Subdued Growth, No Double Dip

- "We continue to expect a sustained but uneven global recovery, although the near-term outlook could be quite choppy. We do not regard a double-dip recession — that takes major economies back into a period of sustained negative growth — as likely. Nevertheless, growth momentum has slowed in China, Japan and the US, and is unlikely to regain the vigour of late 2009 and early 2010 in the next few quarters."
- "As with the last couple of months, revisions to our growth forecasts are quite balanced but with a slight tilt to the downside. We are raising our 2010 growth forecasts for the UK, euro area, Sweden and Hong Kong after strong Q2 data. However, we also have cut our forecasts for the US and Japan, following softer Q2 readings and the lack of support from financial conditions."
- "With low inflation, plus signs of slowing growth and weaker financial conditions, the Fed has signaled a reenergized commitment to low interest rates, and we now expect the Fed to keep rates on hold all the way to the end of 2011. The BoE and ECB are probably on hold until well into 2011, but on balance we now believe that 3Q-11 is more likely for the first hike rather than our prior forecast of 2Q-11. With China on hold near term, our base case is that none of the main five central banks (Fed, ECB, PBOC, BoJ, BoE) will hike before mid-2011."
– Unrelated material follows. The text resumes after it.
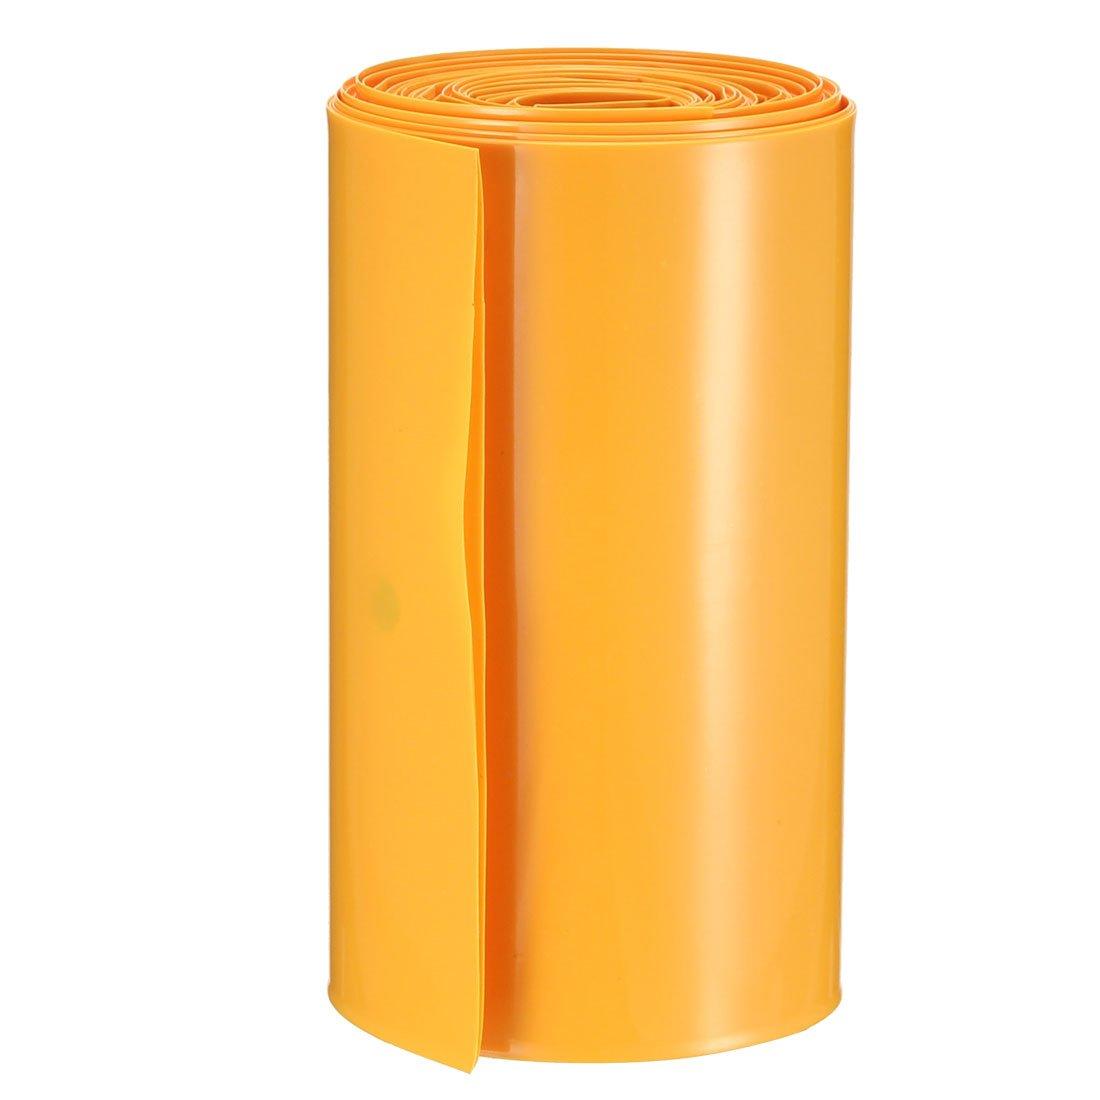 sourcing map PVC termorestringente tubo 103 mm per 2 x 18650 pellicola termoretraibile 103mm-16.4 Ft Rosso

- "Citi's market strategists are cautiously optimistic on credit and equities and believe that current fears of a global double-dip recession are overdone, while corporate profits will probably continue to outpace market expectations. Citi's FX strategists believe that further upside for the trade-weighted USD may be likely over 0-3 months as short USD exposures are unwound. Thereafter, however, we expect that many G10 currency pairs effectively will continue to range trade. G10 fx is likely to remain a funding tool more generally for forays into higher-yielding EM currencies and asset markets."